Quirks and edge cases

zverok edited this page Apr 9, 2016 · 1 revision

The data Reality provides is only as good as data in Wikipedia/Wikidata and our parsers/processors for this data. So, don't try to use it for really precise scientific computations or really important business tasks.

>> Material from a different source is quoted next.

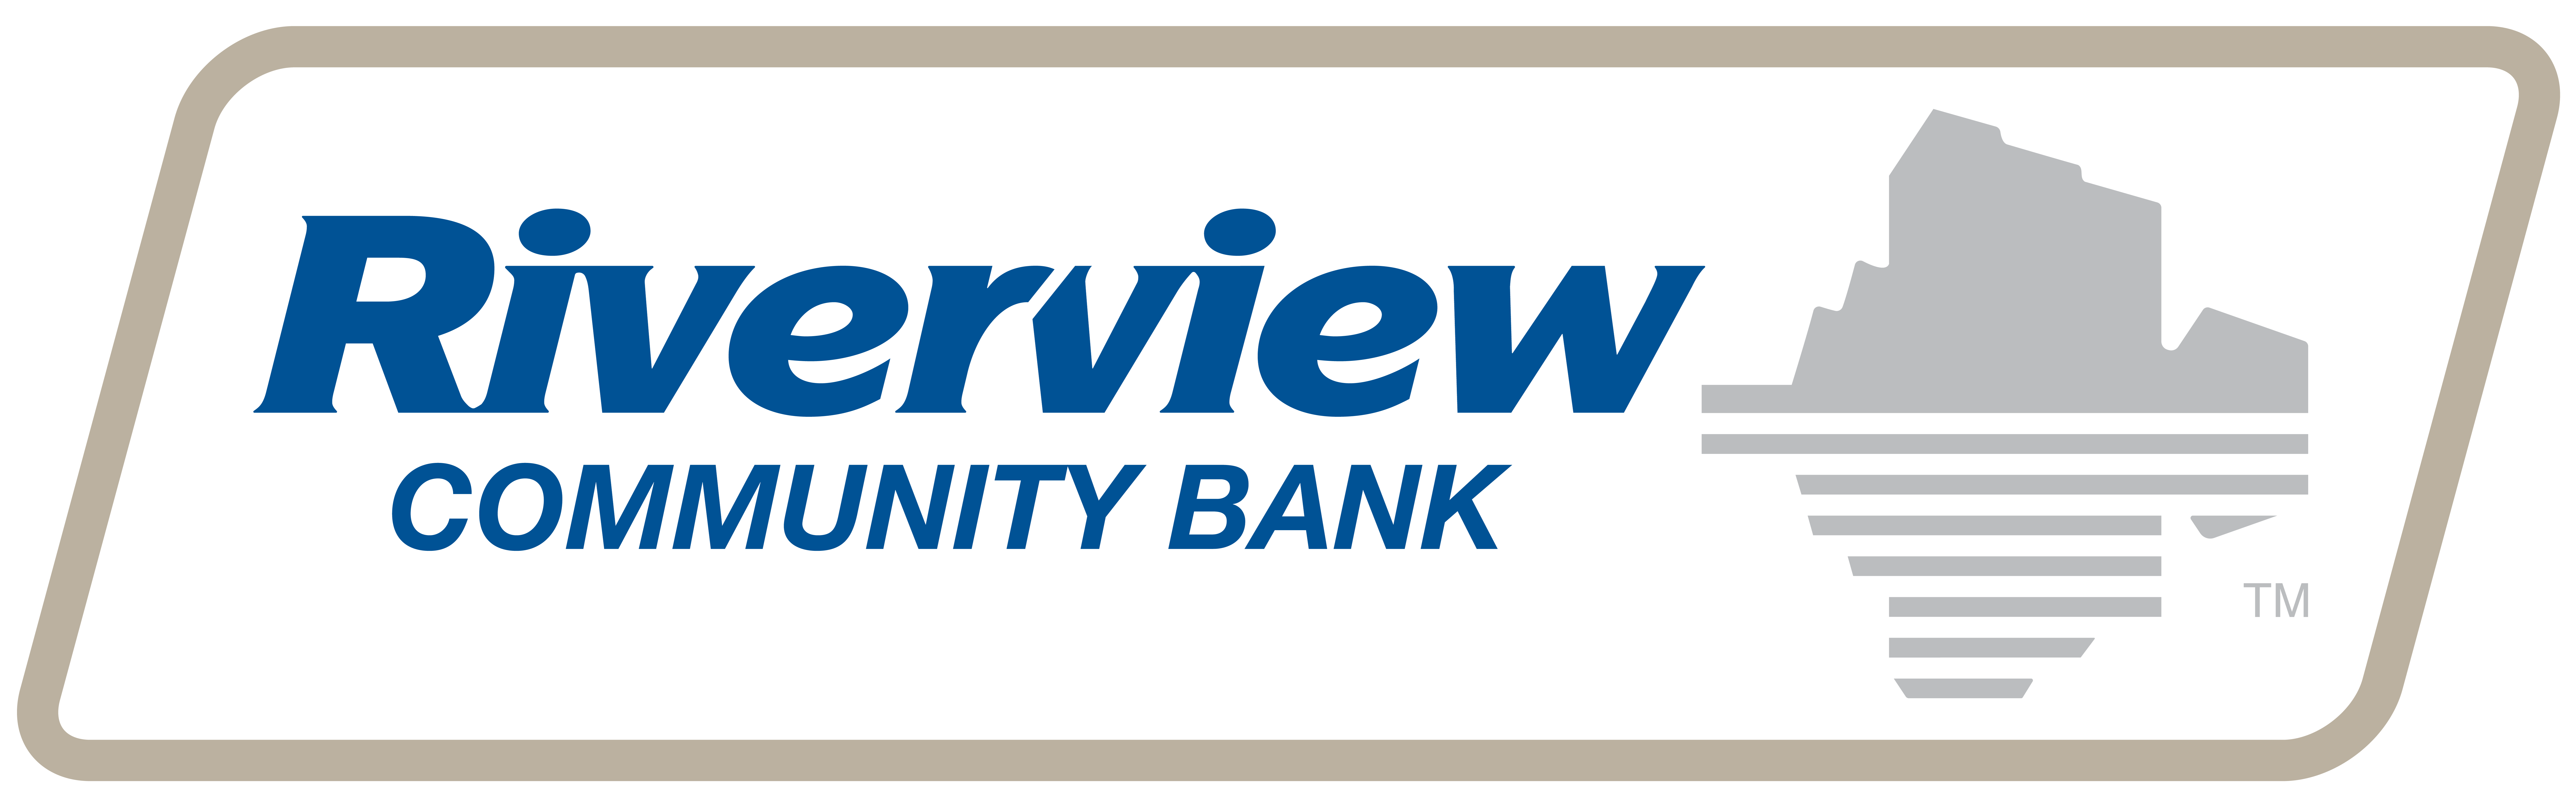 Riverview Community Bank Logo 2020 01 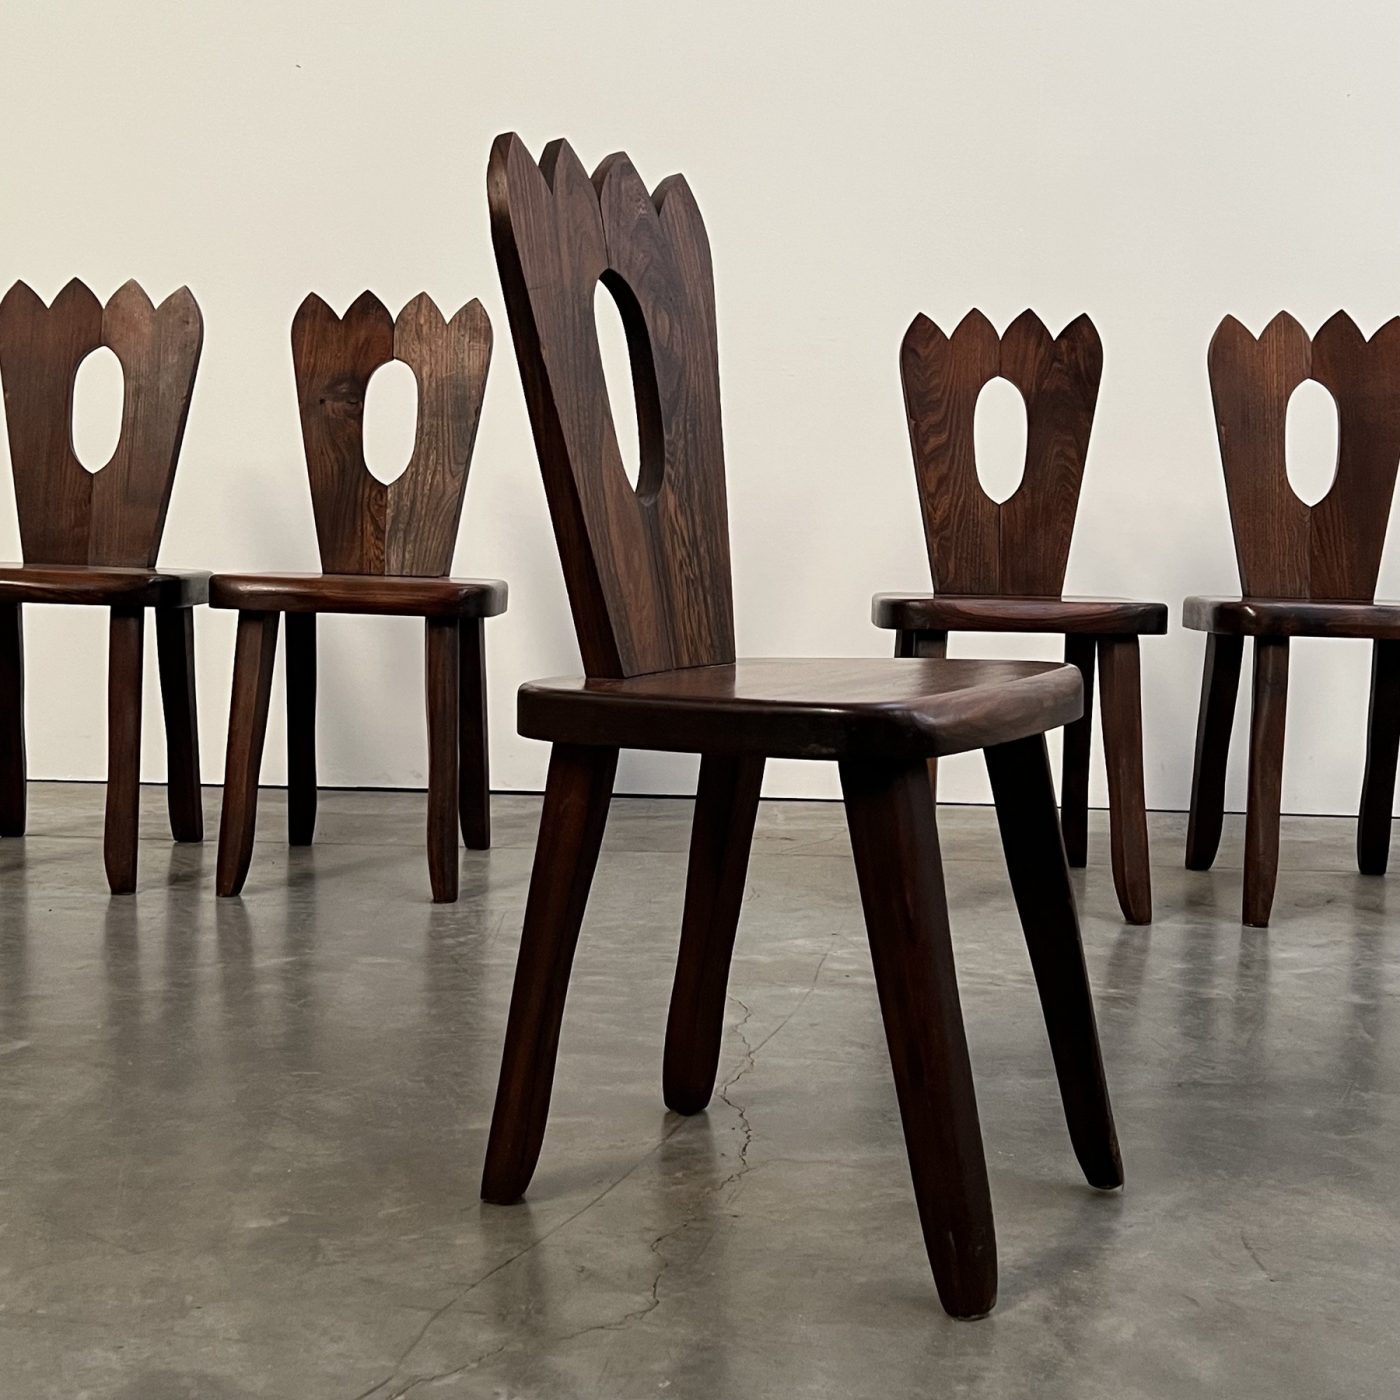 objet-vagabond-brutalist-chairs0004

Some examples of limitations and edge cases:

  • method #cities each country extracts data from Wikipedia page named "List of cities in %countryname%" -- for some countries it lists only top-20 cities, for others there are hunders, sometimes even all of them;
  • Wikipedia's concept of "continent" is vague:
Reality.continents.last
# => #<Reality::Entity(Australia (continent)):continent>
Reality.continents.last.countries
# => #<Reality::List[]>
# ????
# Let's see...
a = Reality::Entity('Australia')
# => #<Reality::Entity(Australia):country>
a.continent
# => #<Reality::Entity?(Oceania)>
# Hmmmm....
a.continent.countries
# => #<Reality::List[Australia?, Fiji?, Kiribati?, Marshall Islands?, Federated States of Micronesia?, Nauru?, New Zealand?, Palau?, Papua New Guinea?, Samoa?, Solomon Islands?, Tonga?, Tuvalu?, Vanuatu?]>

That's kinda weird thing of Wikipedia data ("Countries by continents" and "List of continents" pages seems to be vague of "continent" and "part of world" concepts).

  • Or, look at this one:
Reality::Entity('Spain').continent
# => #<Reality::Entity?(Africa)>
# ???

In fact, Spain (including some of it remote parts) spans two continents: Europe and Africa. And Wikidata lists them both under "continent" predicate. And reality for most of predicates just takes the first value... And here we are. Of course, there should be some smart workaround, but currently there is no.